[[ Information provided, beginning ]]
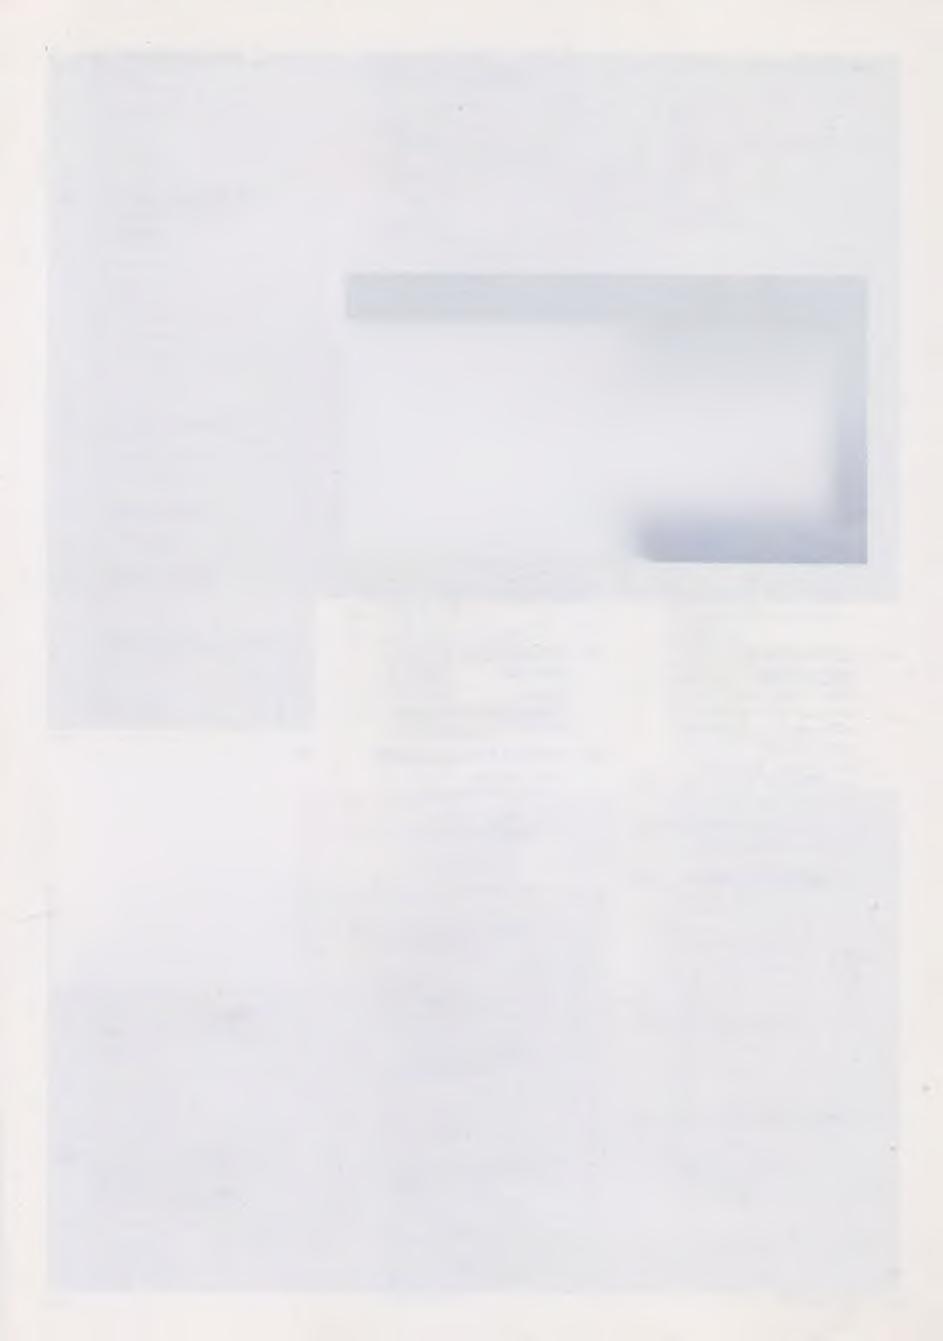 50 - İBRAHİM SAFİ (1898-1983) imzalı. Çingeneler Karton üzerine yağlıboya tablo. 33 x 38 cm.
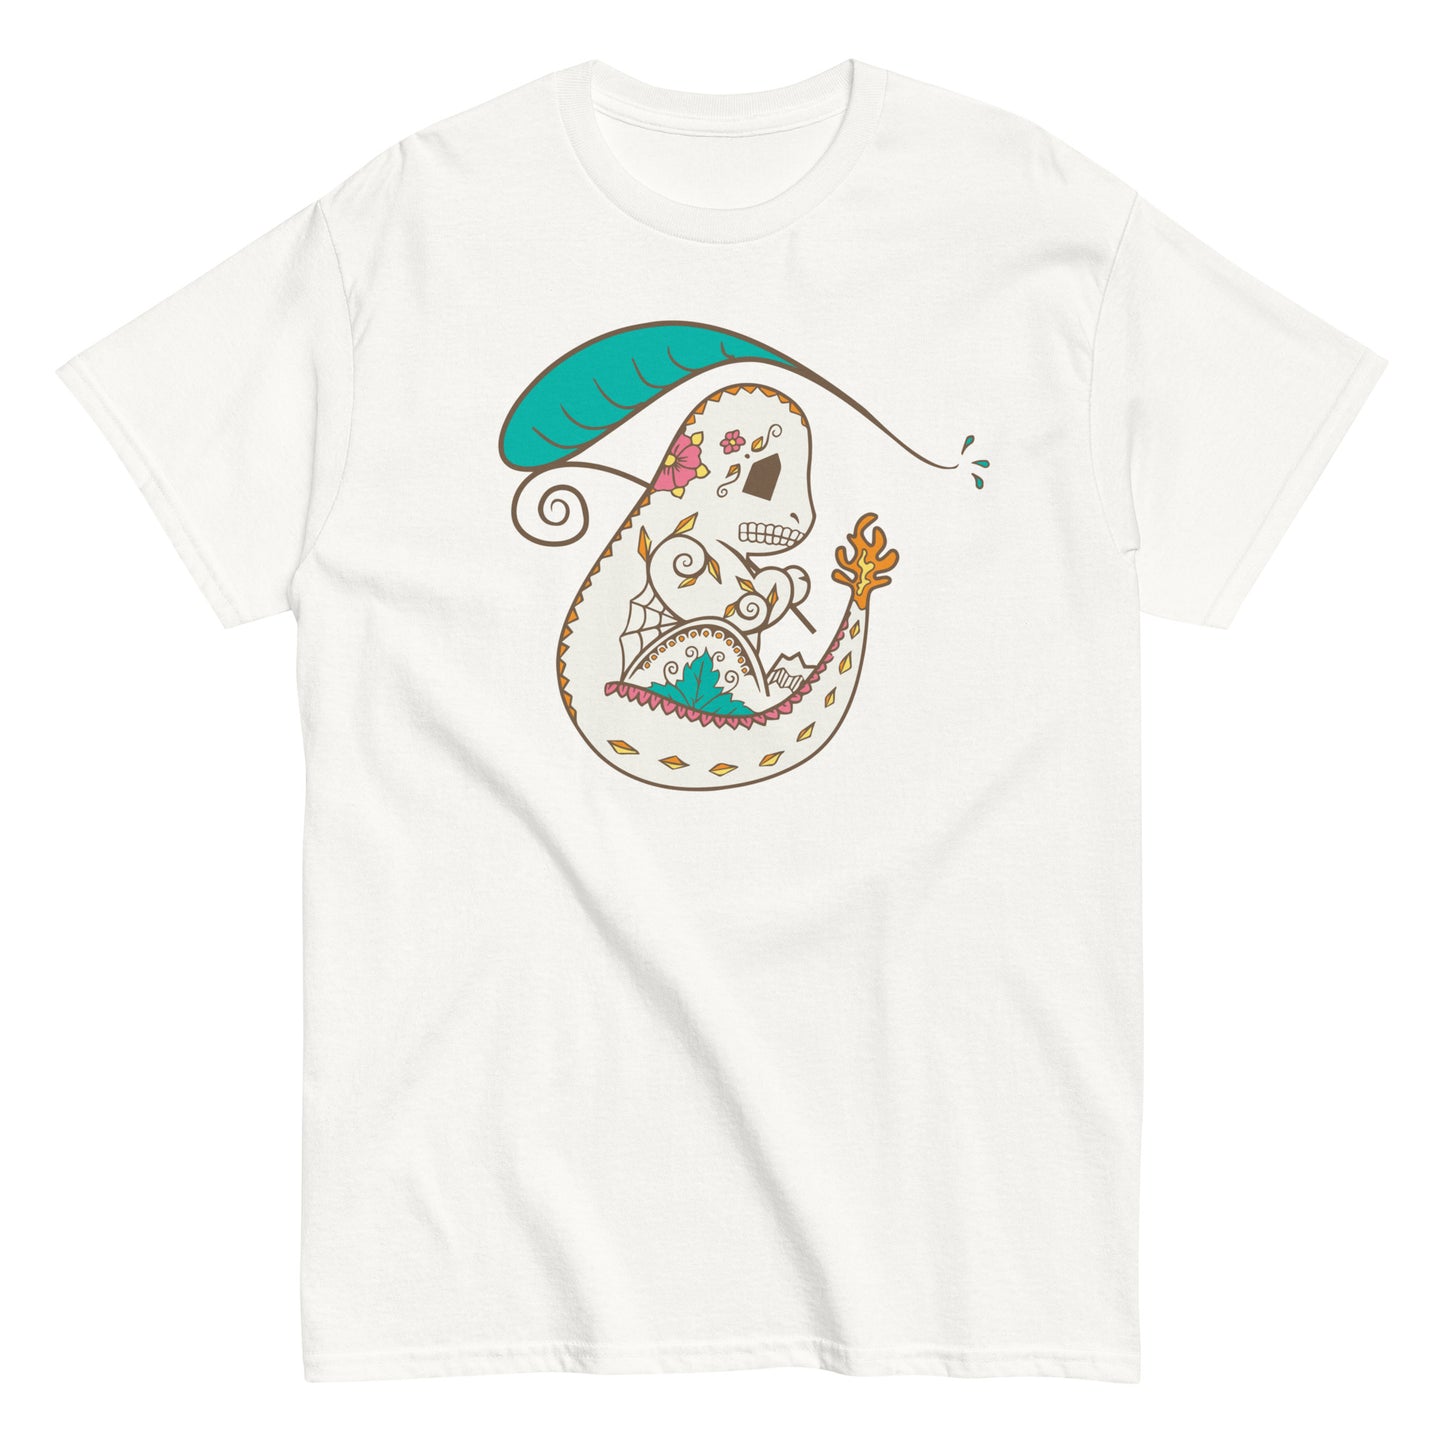 Charmander - Pokemon PopMuertos Sugar Skull T-Shirt
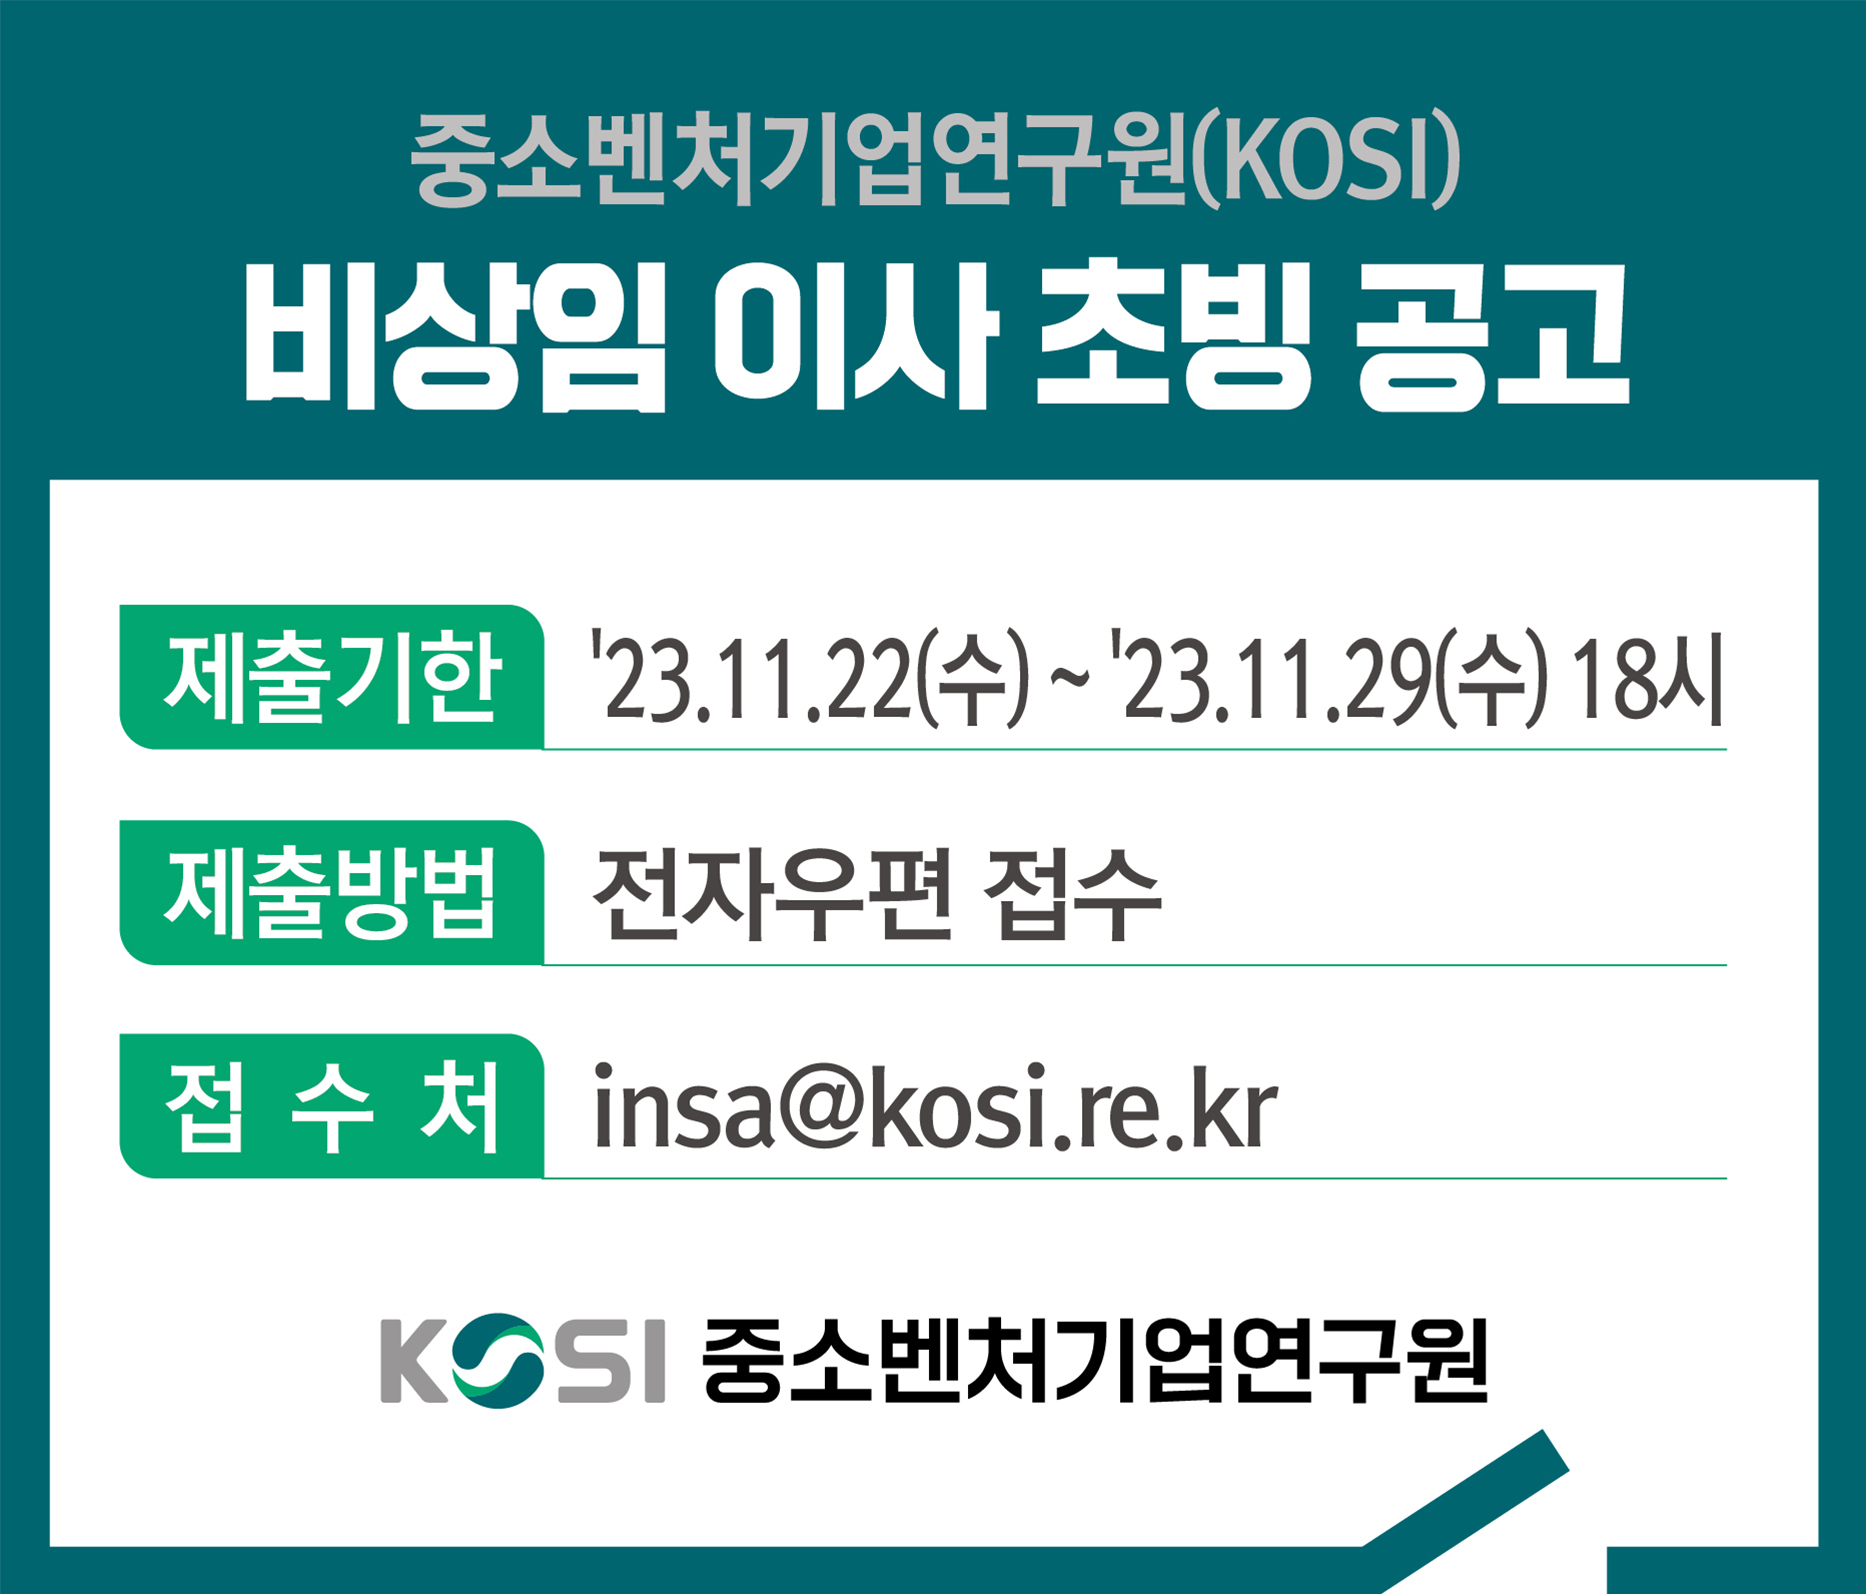 중소벤처기업연구원(KOSI)
비상임 이사 초빙 공고
제출기한 '23.11.22(수) ~ '23.11.29(수) 18시
제출방법 전자우편 접수
접수처 insa@kosi.re.kr
중소벤처기업연구원
[[ Information provided, end ]]
→ **Activity**
Pictures stay out; everything else in the listing above gets repeated exactly.

→ **Exercise answer**
 50 - İBRAHİM SAFİ (1898-1983) imzalı. Çingeneler Karton üzerine yağlıboya tablo. 33 x 38 cm.
 Charmander - Pokemon PopMuertos Sugar Skull T-Shirt
 중소벤처기업연구원(KOSI)
비상임 이사 초빙 공고
제출기한 '23.11.22(수) ~ '23.11.29(수) 18시
제출방법 전자우편 접수
접수처 insa@kosi.re.kr
중소벤처기업연구원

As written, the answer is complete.